The Components of the Enterprise Sourcing and Payables (ESP)-Integrated Indirect Service. The ESP-IIS system is made up of three components:

  1. The Purchasing Service with TPN as the backbone
  2. The Payment Settlement Process
  3. The strategic sourcing Data Warehouse

All three components are linked via the internal GE Intranet with external links to the marketplace via the Internet and EDI.

Focus on the Indirect Commodity Groups. As we look at implementing the ESP-IIS program, we are focusing on three areas:

  1. Indirect Non-Core purchases like advertising, promotions, office supplies, computers, professional services, contract labor, etc.
  2. Indirect Core purchases like MRO and packaging
  3. Indirect Other purchasing like capital equipment, tooling, etc.

GE currently utilizes a central process model for managing its travel and living purchases, telecommunications and transportation requirements.

We look for synergistic opportunities across all of the GE businesses to create a single buying channel.

ESP-IIS Benefits. By implementing this program, we see two areas of benefit:

  1. Hard Benefits in terms of price leverage and usage/leakage control
  2. Soft Benefits in terms of Six Sigma process quality improvements and lowering the cost of each transaction.

All in all, this program will deliver significantly to the company's bottom line, thus driving GE's competitiveness and positioning GE to better serve its customers.

Lessons Learned. Unlike many E-Commerce offerings you hear about today, this program is for real! When launching an initiative like this, it is a "Total" Process Project. Involve everyone: Requisitioners, Purchasing, Account payables, Suppliers - yet still be focused.

We had to look at all areas of the process:

  • Data Collection
  • Education
  • Process Mapping
  • Technology
  • Developing the Business Case
  • Internet/Intranet/Extranet (Infrastructure)

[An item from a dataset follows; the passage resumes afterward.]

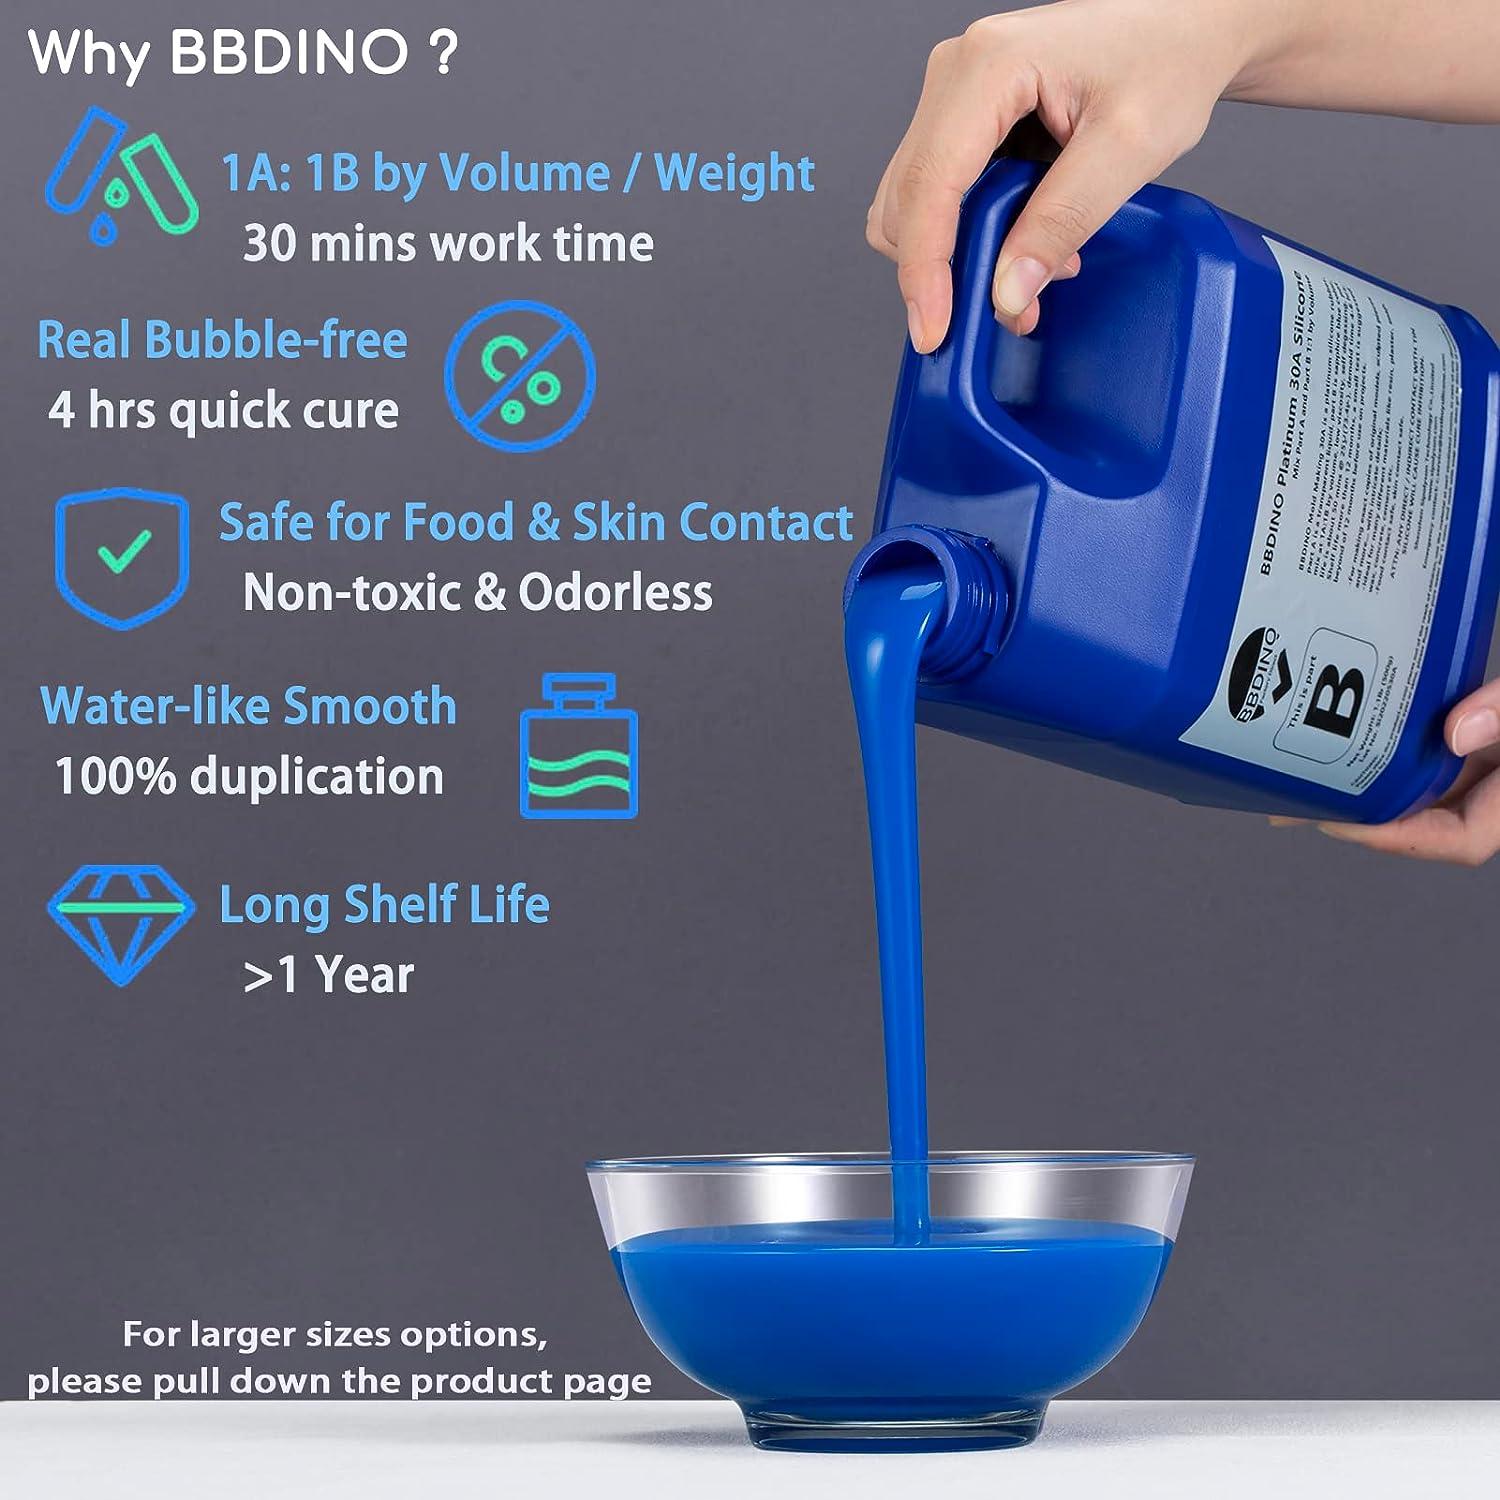 BBDINO Silicone Mold Making Kit 20A, Mold Making Silicone Translucent,  Liquid Silicone for Mold Making 1:1 by Volume, Ideal for Casting Resin,  Soap

As the project comes together, it is recommended that the solution be piloted in a small area first - then production rollout would follow.

Conclusion. GE has seen tremendous opportunities through utilization of Electronic Commerce techniques. We are taking the lead in the developing a comprehensive E-Commerce sourcing and payables Process by changing the rules of engagement between GE and its suppliers. We are confident that this process will provide significant benefits to General Electric and its suppliers.